We know $$\lim\limits_{\theta \to 0} \dfrac{\mathrm{sin}\left(\theta \right)}{\theta }=1.$$ Thus for any nonzero real number $a$, it follows that $$\underset{\theta \to 0}{\lim}\dfrac{\mathrm{sin}\left(a\theta \right)}{a\theta }=1.$$ We will use this fact to compute the limit below. So to see that this is true, we let $x=a\theta.$ Then since $x \to 0$ as $\theta \to 0$, we have $$\underset{\theta \to 0}{\lim}\dfrac{\mathrm{sin}\left(a\theta \right)}{a\theta }=\underset{x\to 0}{\lim}\dfrac{\mathrm{sin}\left(x\right)}{x}=1.$$ Now, we want to find $\underset{t\to 0}{\lim}\dfrac{\mathrm{sin}\left(kt\right)}{t}$, where $k$ is a constant.
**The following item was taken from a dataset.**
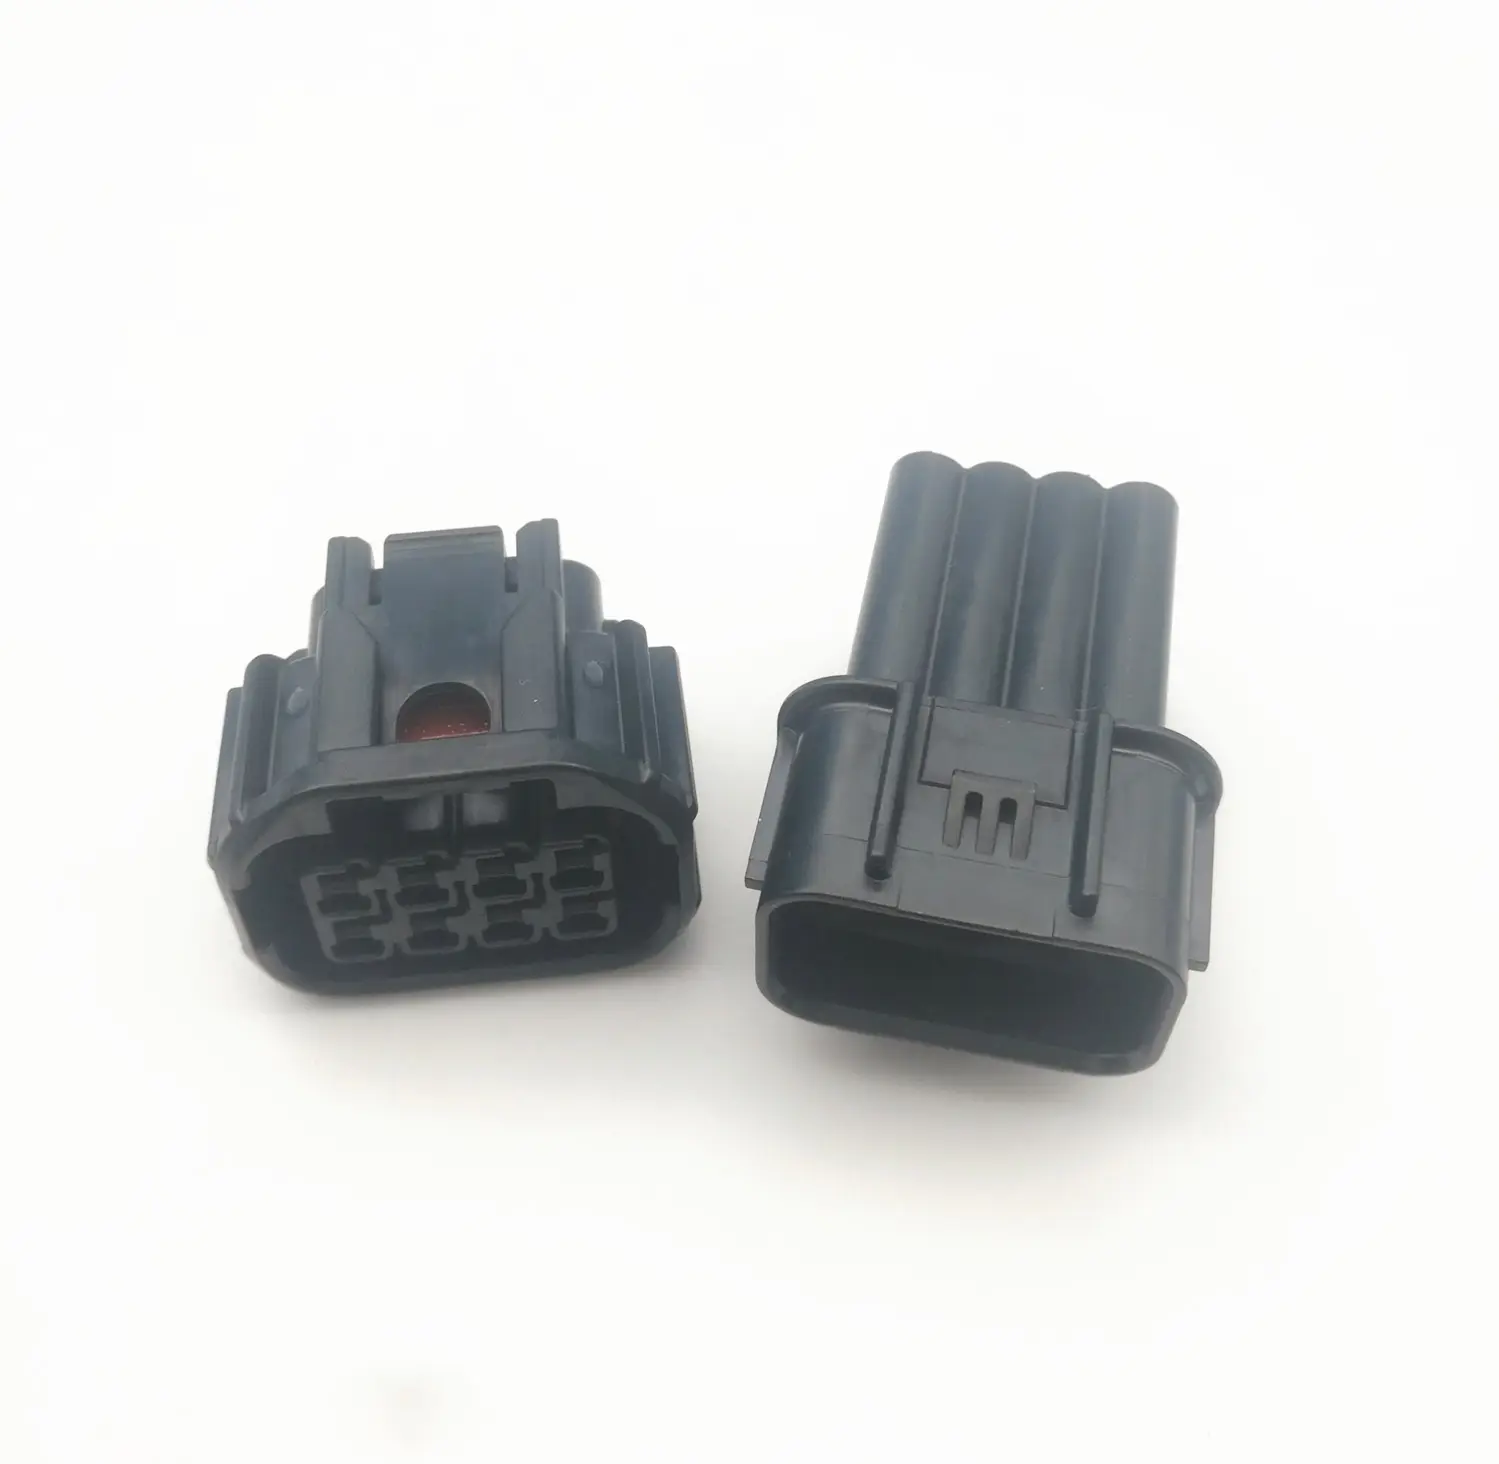 Sumitomo 8 pin female and male waterproof LED headlight speaker plug connector 6189-7423 6181-6850
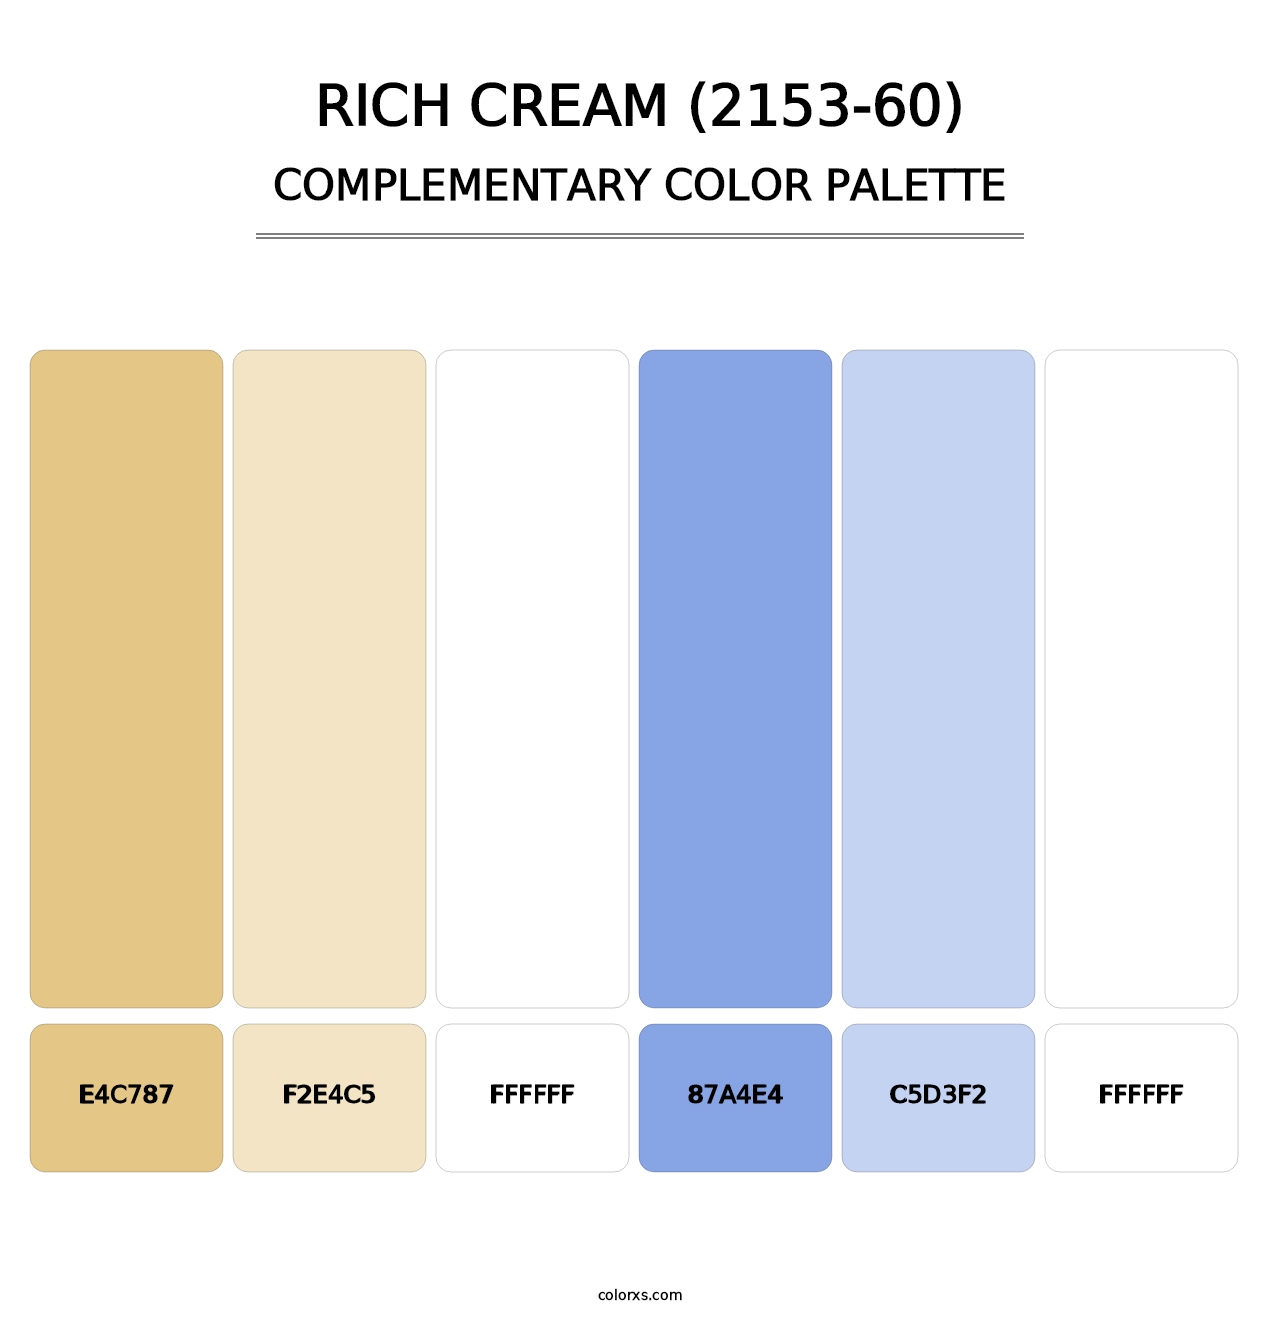 Rich Cream (2153-60) - Complementary Color Palette

We first suppose $k=0$. Then $$\underset{t\to 0}{\lim}\dfrac{\mathrm{sin}\left(kt\right)}{t}=\underset{t\to 0}{\lim}\dfrac{\mathrm{sin}\left(0\right)}{t}=\underset{t\to 0}{\lim}0=0=k.$$ Now suppose $k\neq 0$. Then $$\underset{t\to 0}{\lim}\dfrac{\mathrm{sin}\left(kt\right)}{t}=\underset{t\to 0}{\lim}\dfrac{k\mathrm{sin}\left(kt\right)}{kt}=k\left(\underset{t\to 0}{\lim}\dfrac{\mathrm{sin}\left(kt\right)}{kt}\right)=k\left(1\right)=k.$$ Thus for any constant $k$, $\underset{t\to 0}{\lim}\dfrac{\mathrm{sin}\left(kt\right)}{t}=k$.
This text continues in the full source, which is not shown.